We compare the effect of applying CLMR and CLAP embeddings to similarity measurement in a set of 5 million audio clips used to train VampNet.
This work is to incorporate automated influence attribution into generative modeling, which promises to let model creators and users move from ignorant appropriation to informed creation.
- Score: 6.476298483207895
- License: http://creativecommons.org/licenses/by/4.0/
- Abstract: Every artist has a creative process that draws inspiration from previous
artists and their works. Today, "inspiration" has been automated by generative
music models. The black box nature of these models obscures the identity of the
works that influence their creative output. As a result, users may
inadvertently appropriate, misuse, or copy existing artists' works. We
establish a replicable methodology to systematically identify similar pieces of
music audio in a manner that is useful for understanding training data
attribution. A key aspect of our approach is to harness an effective music
audio similarity measure.
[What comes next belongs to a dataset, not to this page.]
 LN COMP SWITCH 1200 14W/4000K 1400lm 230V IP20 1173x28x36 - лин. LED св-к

We compare the effect of applying CLMR and CLAP
embeddings to similarity measurement in a set of 5 million audio clips used to
train VampNet, a recent open source generative music model. We validate this
approach with a human listening study. We also explore the effect that
modifications of an audio example (e.g., pitch shifting, time stretching,
background noise) have on similarity measurements. This work is foundational to
incorporating automated influence attribution into generative modeling, which
promises to let model creators and users move from ignorant appropriation to
informed creation. Audio samples that accompany this paper are available at
https://tinyurl.com/exploring-musical-roots.
Related papers
- Combining audio control and style transfer using latent diffusion [1.705371629600151]
In this paper, we aim to unify explicit control and style transfer within a single model.
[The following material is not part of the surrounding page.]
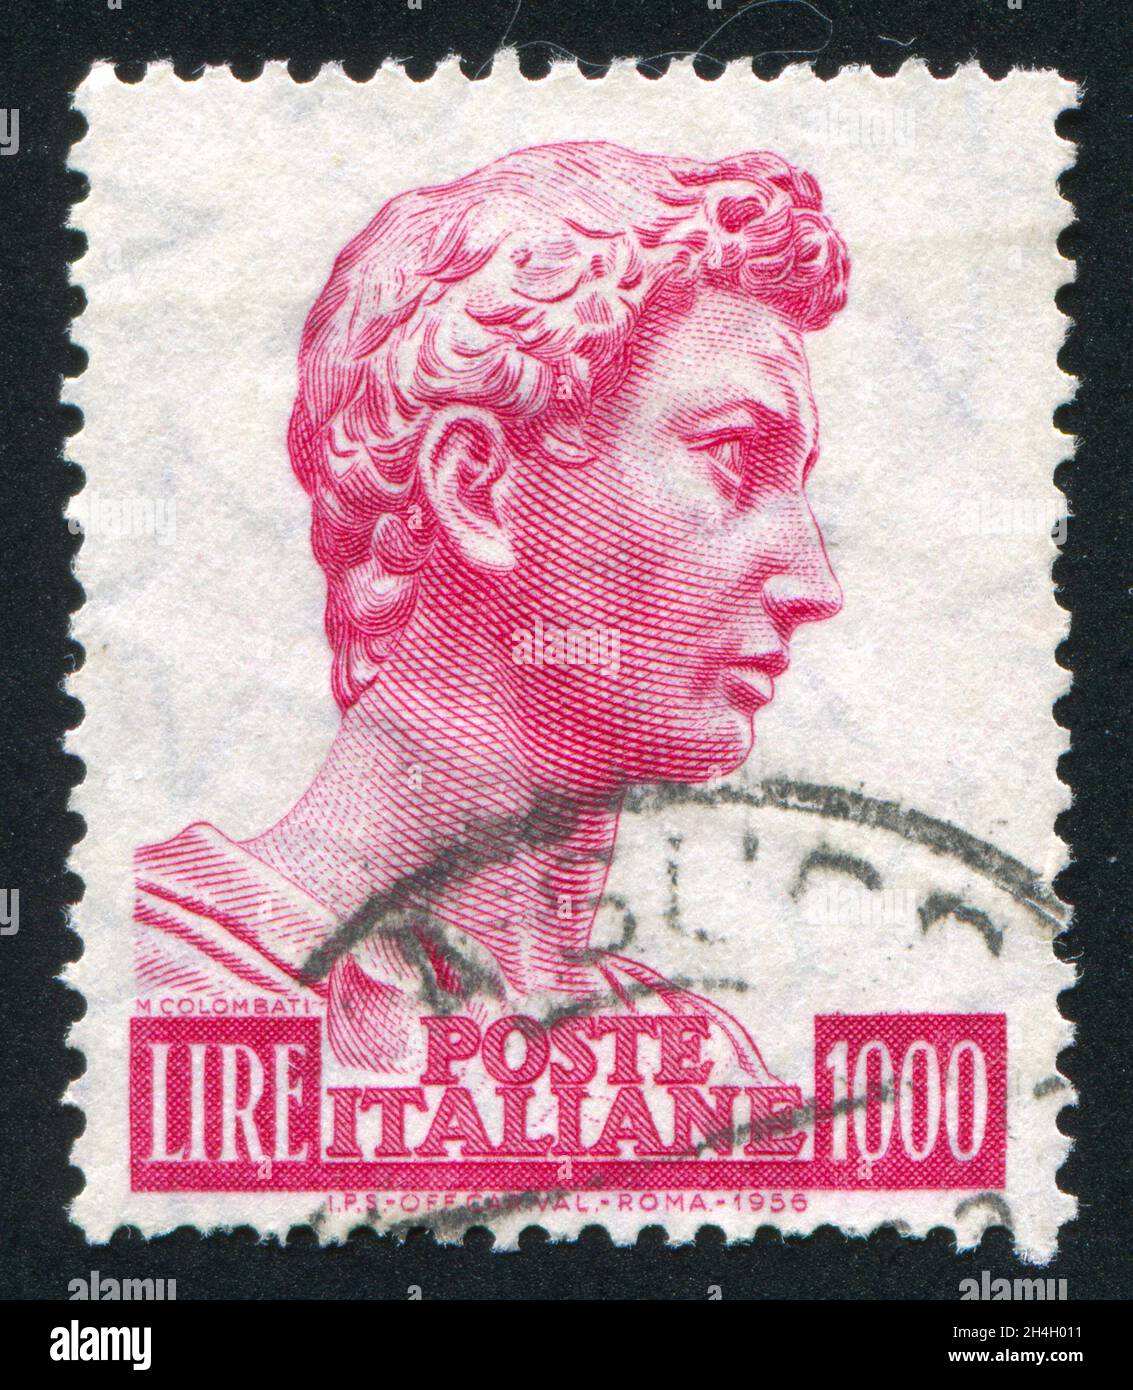 ITALIE - VERS 1956: Timbre imprimé par l'Italie, montre Saint-George, par Donatello, vers 1956 Banque D'Images

Our model can generate audio matching a timbre target, while specifying structure either with explicit controls or through another audio example.
We show that our method can generate cover versions of complete musical pieces by transferring rhythmic and melodic content to the style of a target audio in a different genre.
arXiv Detail & Related papers (2024-07-31T23:27:27Z) - MeLFusion: Synthesizing Music from Image and Language Cues using Diffusion Models [57.47799823804519]
We are inspired by how musicians compose music not just from a movie script, but also through visualizations.
We propose MeLFusion, a model that can effectively use cues from a textual description and the corresponding image to synthesize music.
Our exhaustive experimental evaluation suggests that adding visual information to the music synthesis pipeline significantly improves the quality of generated music.
arXiv Detail & Related papers (2024-06-07T06:38:59Z) - MuPT: A Generative Symbolic Music Pretrained Transformer [56.09299510129221]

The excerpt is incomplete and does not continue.